Depressor effects and pharmacokinetics of single and consecutive doses of delapril in hypertensive patients with normal or impaired renal function
- PMID: 2177631
- DOI: 10.1007/BF02018270
Depressor effects and pharmacokinetics of single and consecutive doses of delapril in hypertensive patients with normal or impaired renal function
Abstract
The antihypertensive effects and pharmacokinetic properties of delapril, an angiotensin-converting enzyme (ACE) inhibitor, were investigated in hypertensive patients with normal renal function (NRF; n = 6) and in those with impaired renal function (IRF; n = 5). A 15-mg oral dose of delapril was given once on the first and last days, and twice daily on the other days. The measurement of blood pressure and sampling were done at 0, 1, 2, 4, 6, 12, and 24 hours postdose on the first and last days of treatment. Plasma and urinary concentrations of delapril and its metabolites were measured by HPLC. ACE activity was suppressed from 1 hour after the first dose to 24 hours after the last dose of delapril in both the NRF and IRF groups.
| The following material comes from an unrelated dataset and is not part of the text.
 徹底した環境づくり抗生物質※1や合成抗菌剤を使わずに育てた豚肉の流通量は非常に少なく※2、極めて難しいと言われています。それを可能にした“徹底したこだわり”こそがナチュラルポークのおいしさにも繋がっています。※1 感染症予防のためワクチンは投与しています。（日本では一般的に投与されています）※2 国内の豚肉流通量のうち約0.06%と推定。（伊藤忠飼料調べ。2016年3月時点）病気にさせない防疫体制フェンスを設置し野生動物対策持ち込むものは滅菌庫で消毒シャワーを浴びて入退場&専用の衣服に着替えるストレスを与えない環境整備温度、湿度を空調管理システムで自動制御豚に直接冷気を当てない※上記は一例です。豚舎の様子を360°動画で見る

During the consecutive dosing, significant BP falls were observed from 1 hour postdose of delapril to 24 hours in the NRF group and to 6 hours in the IRF group. Peak plasma concentrations of 5-hydroxydelapril diacid and areas under the plasma concentration-time curve (AUC) of both delapril diacid and 5-hydroxydelapril diacid in the IRF group were significantly higher (p less than 0.001 or 0.05) than in the NRF group. No significant increase of pharmacokinetic parameters in repeated dosing was observed in both the NRF and IRF groups. Significant positive correlations (p less than 0.001) were found between the inverse of creatinine clearance and the AUCs of the active diacid metabolites in single and consecutive doses.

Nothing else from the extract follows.